Amid souring in relations, Greek and German leaders to meet
ATHENS, Greece (AP) - After a souring in relations between Germany and Greece over what Athens should do in exchange for rescue loans, Prime Minister Alexis Tsipras has accepted an invitation to meet German Chancellor Angela Merkel in Berlin next week, his office said Monday.
It will be his first visit since his Jan. 25 election to Germany - a major contributor to Greece's bailout that has insisted that Greece should stick to budget austerity measures if it wants to get more rescue loans.
Figures released Monday by the Greek central bank suggested the country needs the money. They showed the central government's cash balance was 684 million euros ($723 million) in deficit for the first two months of the year, compared with a surplus of 139 million euros in the same period of 2014. Excluding interest payments, the surplus fell to 503 million euros from 1.68 billion euros a year ago.
Tsipras' Syriza party came to power on a pledge to lighten the country's rescue loans. It also wants to ease the budget surplus targets demanded by the rescue creditors, arguing they are too high and hindering the economic recovery. The budget targets, which have involved spending cuts and tax increases, were meant to reduce debt but have also hurt the economy, putting it through a savage six-year recession.
Tsipras' government has convinced creditors to give it a four-month extension on the bailout program, but to get the money it must still detail a list of reforms by the end of April. If creditors do not approve the reforms, they will not unlock some 7 billion euros ($7.4 billion) remaining in the loan funds.
Greece on Monday repaid a loan worth some 584 million euros ($615 million) to the International Monetary Fund, a finance ministry official told the AP. But it faces a punishing repayment schedule though the summer, leaving it dependent on the bailout cash remainder.
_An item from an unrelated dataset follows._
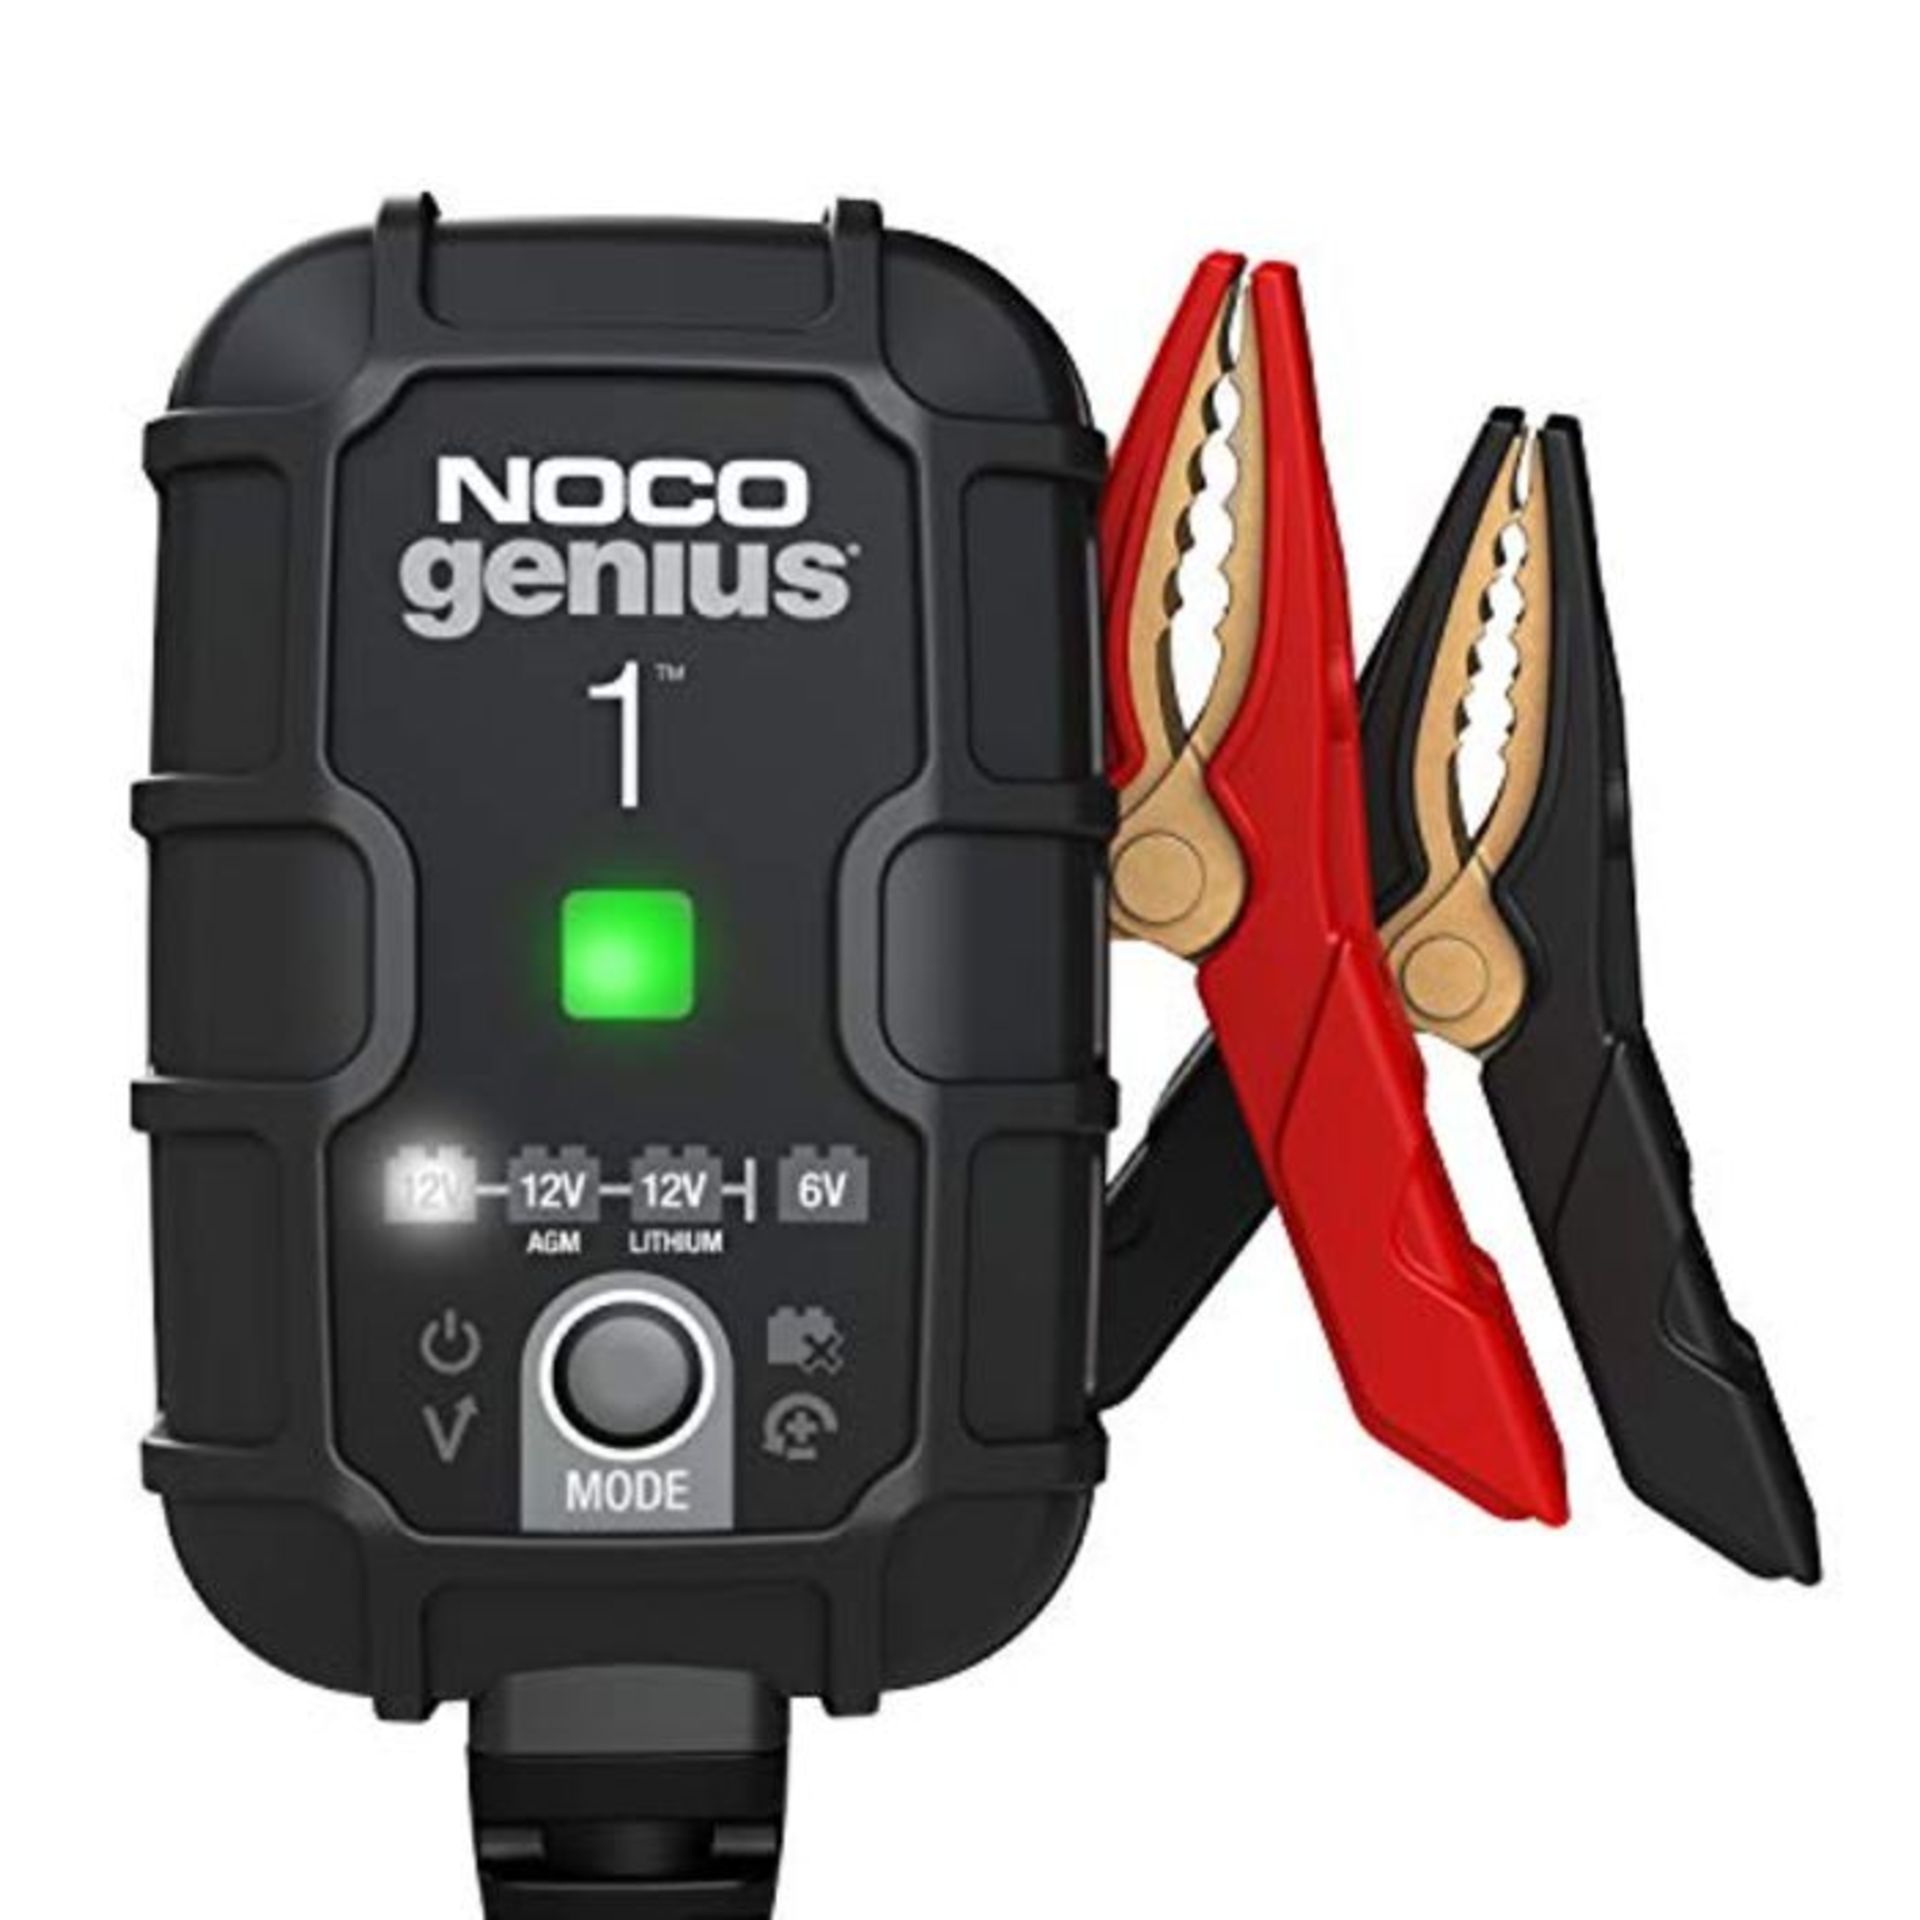 NOCO GENIUS1UK, 1-Amp Fully-Automatic Smart Charger, 6V And 12V Battery Charging Units

Technical teams from the European Commission, European Central Bank and IMF - a group collectively known as the "troika," a term dropped from official use at Greek insistence - are in Athens to review Greek proposals.
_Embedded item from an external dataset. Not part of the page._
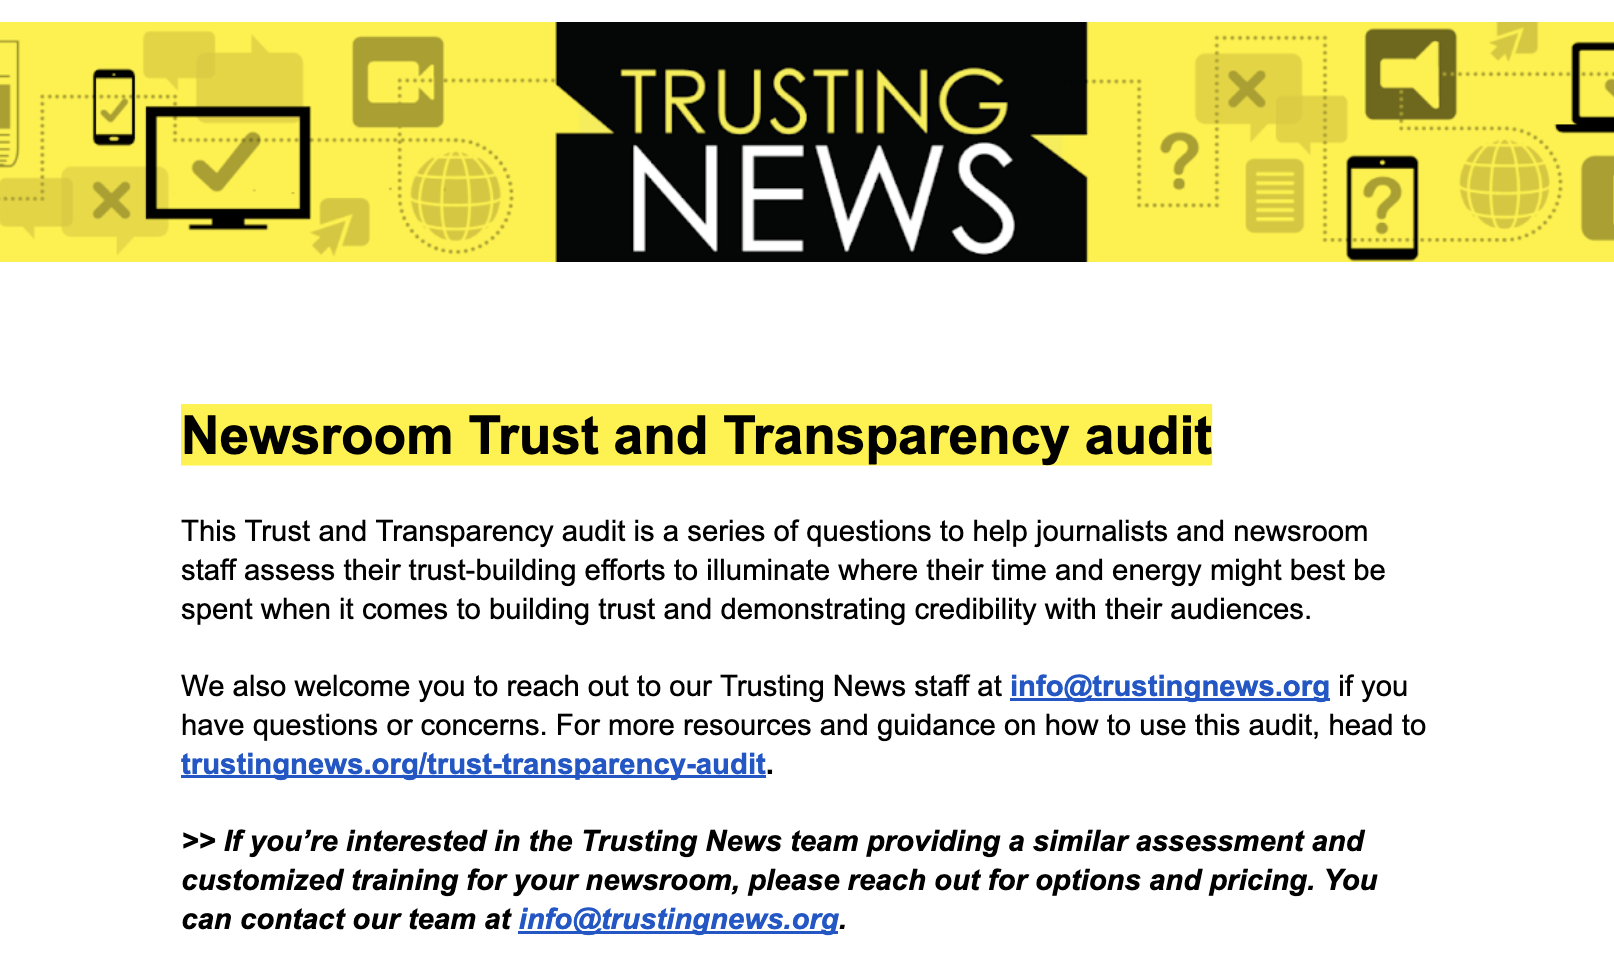 How trustworthy is your newsroom? Use this audit to find out - Trusting News

However, they have been banned from entering ministry buildings, as the new government wants to avoid domestically damaging echoes of previous years, when visiting bailout inspectors were perceived as lording it over Greek officials. Instead, they will be provided with requested data on neutral ground.
"I won't hide from you that there are very many difficulties in the ongoing negotiations," Tsipras said in an interview with the Athens daily Ethnos. "There still are voices of intransigence ... The key to reaching an honorable compromise is the recognition that the previous policy of extreme austerity has failed."
Tsipras renewed government assurances that state salaries and pensions would not be affected by the tough ongoing negotiations with bailout creditors.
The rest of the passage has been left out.